This has been fully exploited by the PerlDL developers. The 'PDL' module is a complete Object-Oriented extension to Perl (although you don't have to know what an object is to use it) which allows large N-dimensional data sets, such as large images, spectra, time series, etc to be stored efficiently and manipulated en masse. For example with the PDL module we can write the perl code "$a=$b+$c", where $b and $c are large datasets (e.g. 2048x2048 images), and get the result in only a fraction of a second.

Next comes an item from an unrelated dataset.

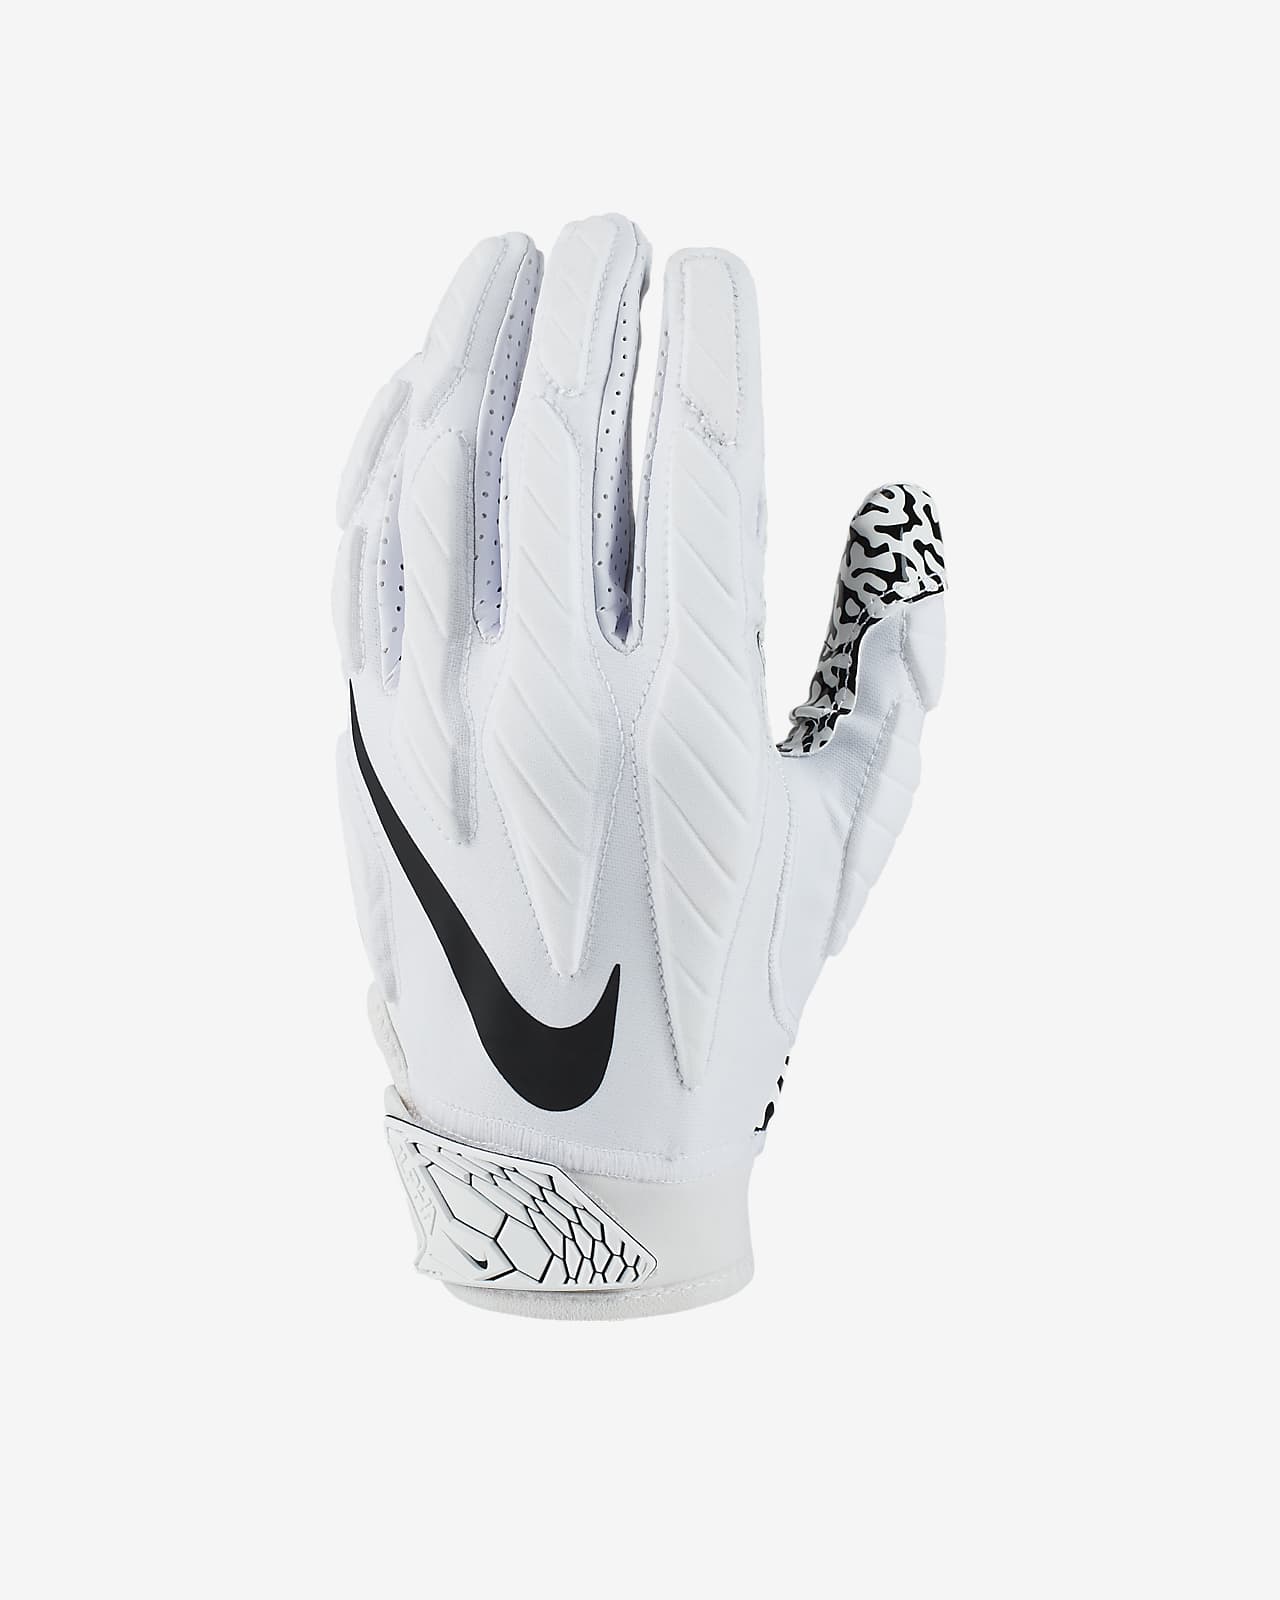 jordan football gloves for sale

PDL variables (or 'piddles' as they have come to be known) support a wide range of fundamental data types - arrays can be bytes, short integers (signed or unsigned), long integers, floats or double precision floats. And because of the Object-Oriented nature of PDL new customised datatypes can be derived from them.
As well as the PDL modules, that can be used by normal perl programs, PerlDL comes with a command line perl shell, called 'perldl', which supports command line editing. In combination with the various PDL graphics modules this allows data to be easily played with and visualised.
Help
PDL contains extensive documentation, available both within the perldl shell and from the command line, using the "pdldoc" program. For further information try either of:perldl> help help $ pdldoc
HTML copies of the documentation should also be available. To find their location, try the following:
perldl> foreach ( map{"$_/PDL/HtmlDocs"}@INC ) { p "$_\n" if -d $_ }
Perl Datatypes and how PDL extends them
The fundamental perl data structures are scalar variables, e.g. $x, which can hold numbers or strings, lists or arrays of scalars, e.g. @x, and associative arrays/hashes of scalars, e.g. %x.perl v5 introduces to perl data structures and objects. A simple scalar variable $x now be a user-defined data type or full blown object (it actually holds a reference (a smart ``pointer'') to this but that is not relevant for ordinary use of perlDL)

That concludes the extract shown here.